The new issue of Texas Monthly also features a book review of “Saving the School: The True Story of a Principal, a Teacher, a Coach, a Bunch of Kids, and a Year in the Crosshairs of Education Reform” by Michael Brick. “Why Johnny Can’t Learn”, Elizabeth Green, Texas Monthly, August 2012.

The book’s author casts education reformers as the enemy:

Reformers, he asserts, are not educators but “profiteers” intent on “selling out” public education by imposing a corporate “reward and punishment system” ill-suited to the task of cultivating minds.

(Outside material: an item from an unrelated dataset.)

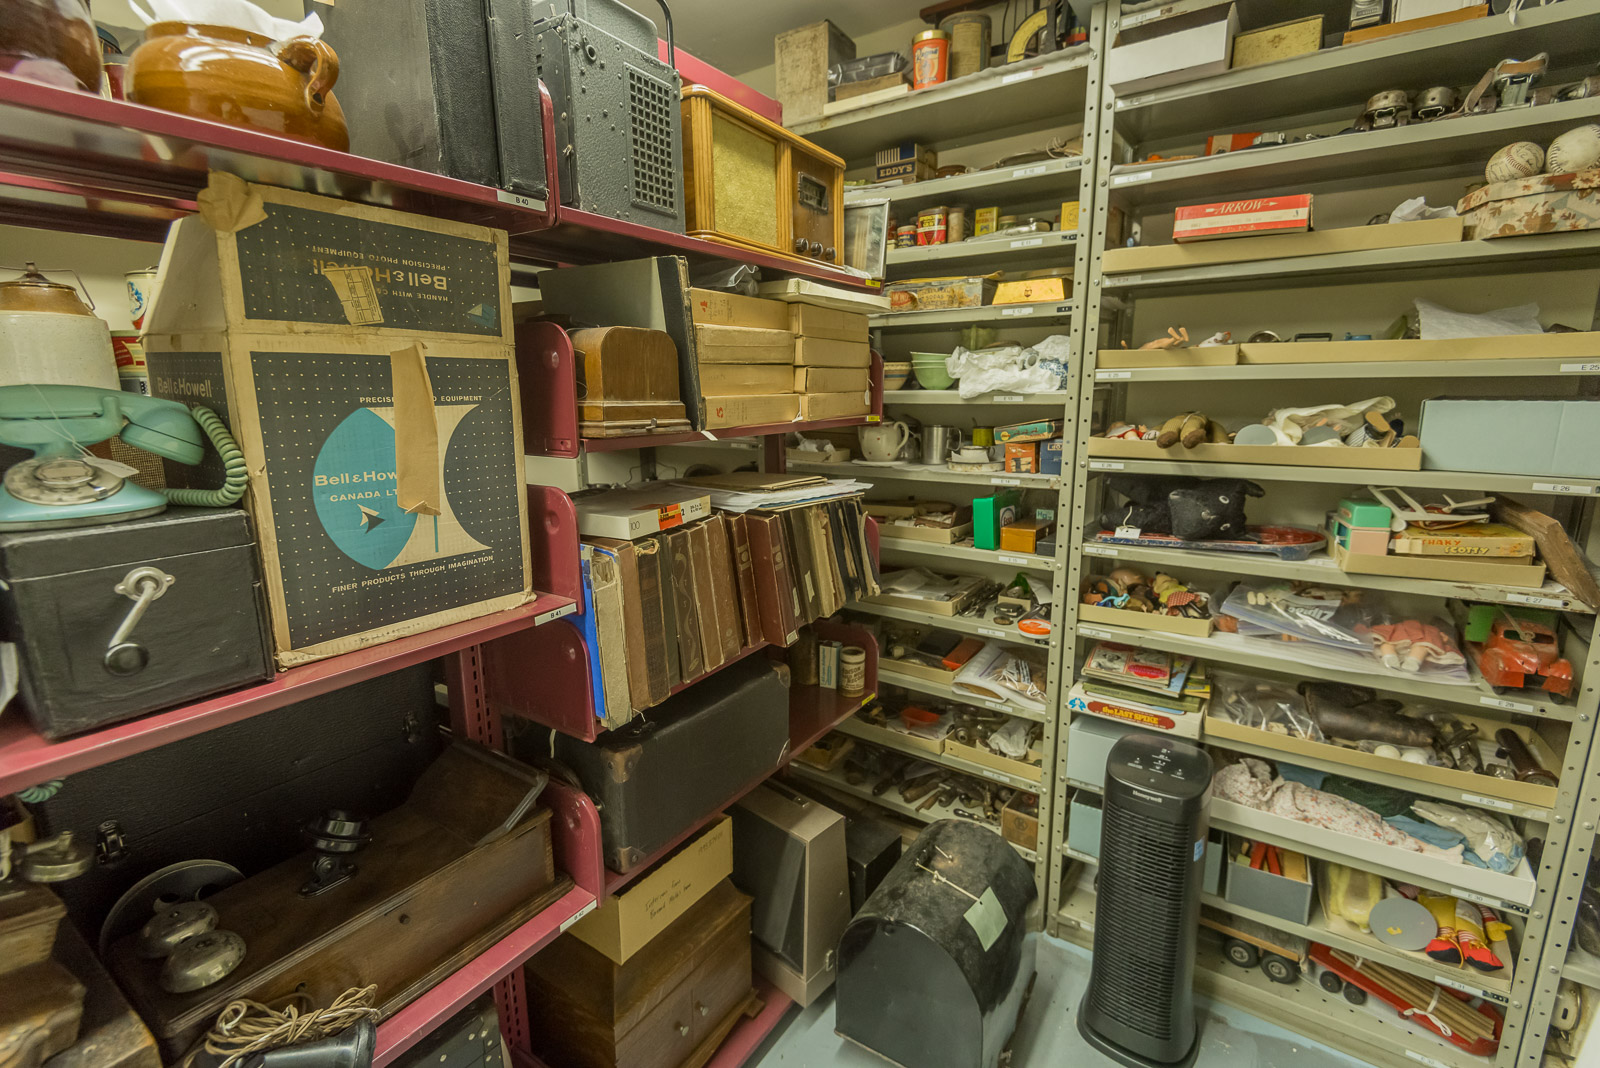 Collection storage located in the basement of the museum

The book’s hero is principal Anabel Garza. Squeezed by regulations, she makes a perverse decision:

He describes, for instance, how Garza works to meet the state’s goal for the “completion rate,” an approximation of the number of students who graduate or get a GED in four years. Garza points out that if students fail to enroll or are absent often enough that she can kick them out, then the won’t be counted among the students who are expected to finish. And voilà! Reagan’s completion rate rises. “I’m going to run it till somebody stops me and calls me on it,” Garza says, explaining her plan to drop student with unexcused absences.

By the end of the 2009-10 school year, the school must either raise its standardized test scores, or it will be closed. The reviewer notes, however, that for this school and for these students, success is hard to define and grasp.